Ballyturk: Wonderful reviews following World Premiere at GIAF 2014

17 July 2014

Cillian Murphy ‘underlines his character’s restless spirit with manic eyes and a multi-octave voice’, while Mikel Murfi depicts ‘gormlessness with spry physical genius’, in Ballyturk.

Ballyturk, a place that may or may not exist, still seems strangely familiar. We are in a huge sealed room, a sparse industrial space of light greys and rust browns, designed by Jamie Vartan, where two men frantically fill the time in daily routines, 1980s pop songs and hyperkinetic story telling.

In a madcap soap opera, they select characters from a gallery with the throw of a dart, split eccentric role play and grandiloquent narration between them, and furiously inscribe some sort of reality, out of nothing. In short, they are trapped, exhilaratingly and unnervingly, in an endless Enda Walsh play.

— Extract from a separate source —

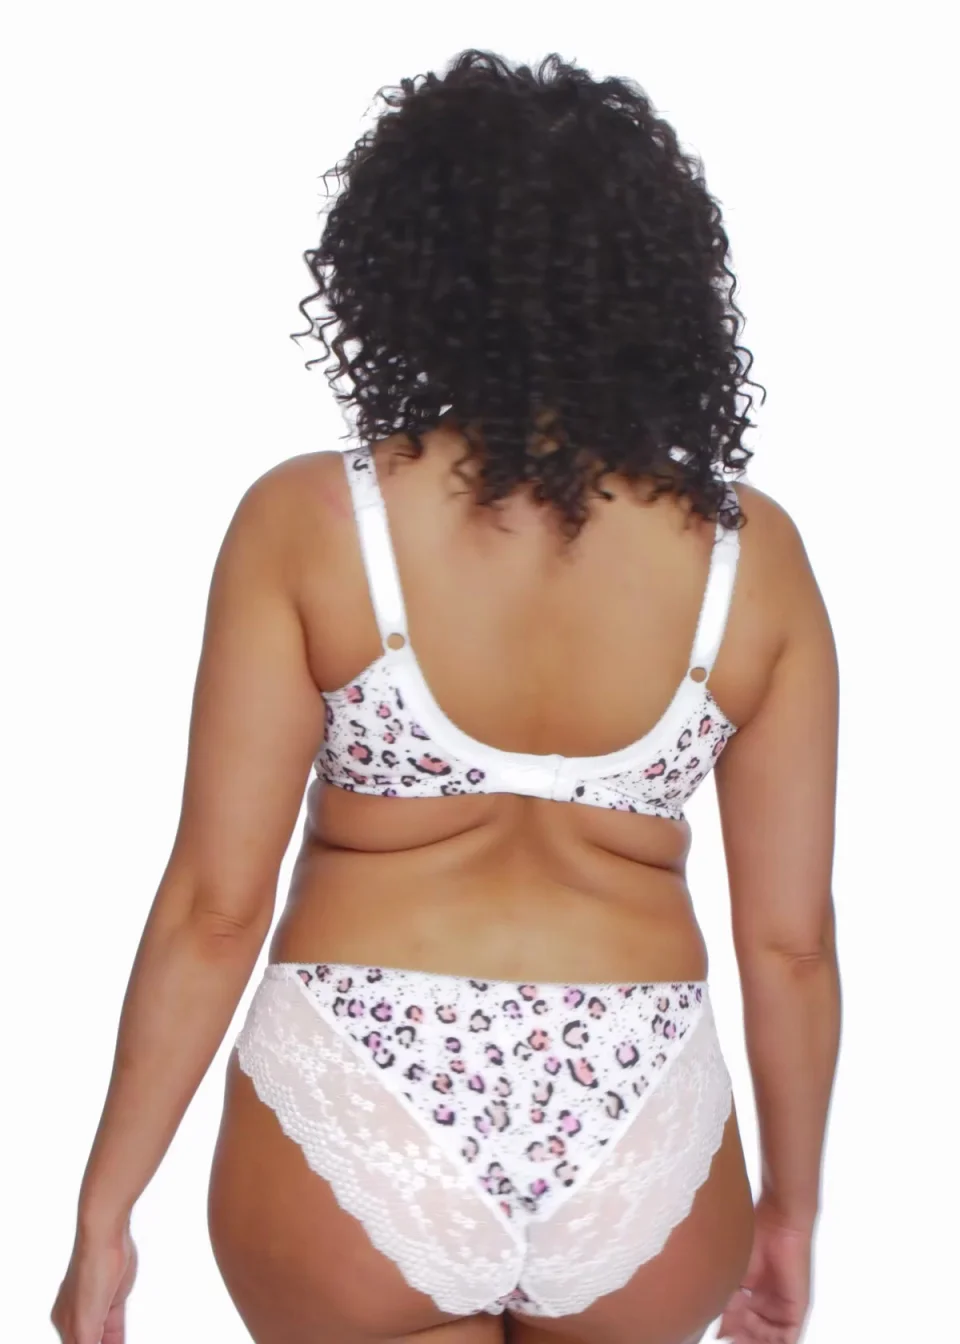 Collection Magnifique - Graduated cup bra and brazilian panty

The two nameless character, a reedy Cillian Murphy, who underlines his character’s restless spirit with manic eyes and a multi-octave voice, and Mikel Murfi’s older protector, depicting gormlessness with spry physical genius, are hardly aware of that – they have been entombed here for a long time. But, as writer and director of Landmark and GIAF’s production, Walsh scatters arch self-references through their world: jumbled props, small-town meditations, co-dependent character dynamics and surreal set pieces that recall his entire oeuvre, and all the snack foods familiar from his junk-culture absurdism. He even performs a very discreet cameo role.

Read the full The Irish Times review.

The curtain slowly peels back on Ballyturk, Enda Walsh's latest play, to reveal a room where the walls are covered in layers of pencil drawings, furniture is at odd angles, red balloons are scattered, everything is askew. There are two men in this room and they explode.

The programme tells us that they are 1 (Cillian Murphy) and 2 (Mikel Murfi). Three (Stephen Rea) is also listed. We are also told that this is set in no place and at no time, and yet the play is called Ballyturk and a giant backdrop sign tells us we are in Ballyturk.

Ballyturk is unsettling, it is chaotic. Ferocious physical slapstick comedy is interspersed with heartbreakingly tender and delicately poetic explorations of the soul. It throbs with searing poignancy at times, is riotously funny at others. This shouldn't work and in lesser hands it wouldn't.

Read the full Irish Independent review.

There's plenty of ballyhoo around Ballyturk. Written and directed by Enda Walsh, and with a cast comprising Cillian Murphy, Stephen Rea and Mikel Murfi, it is the hottest ticket at this year's Galway international arts festival. And deservedly so, because it combines manic physical comedy with a meditation on the brevity of our earthly existence.

As so often in Walsh's plays, especially The Walworth Farce, the main characters inhabit a hermetic world – almost a womb without a view. In this case, they are two men, simply identified as One and Two, who pass the time in speeded-up, silent-comedy rituals and speculating about daily life in an imagined Irish town called Ballyturk. But when the character Three turns up, he not only breaks up the partnership but invites one of the duo into the outer world, en route to inevitable extinction.

Read the Guardian's full review.

“BEAUTIFUL, HILARIOUS, dark as death.” So tweeted actress Olwen Fouéré after seeing the opening of Enda Walsh’s new play Ballyturk, which got the Galway International Arts Festival off to a flying start at the Black Box yesterday evening.

Fouéré aptly summed up this stunning offering from Landmark Productions and the GIAF. The play centres on two nameless housemates played by Mikel Murfi and Cillian Murphy and we watch their frenetic daily routines which encompass everything from uproariously funny knockabout dancing to 1980s pop songs to their energetic evocations and impressions of the many inhabitants of the village of Ballyturk.

Murfi’s genius for physical comedy and expressiveness is given full rein under Enda Walsh’s skilful direction and Cillian Murphy is equally brilliant as he runs the gamut from manic non-stop activity to moments of pained bewilderment.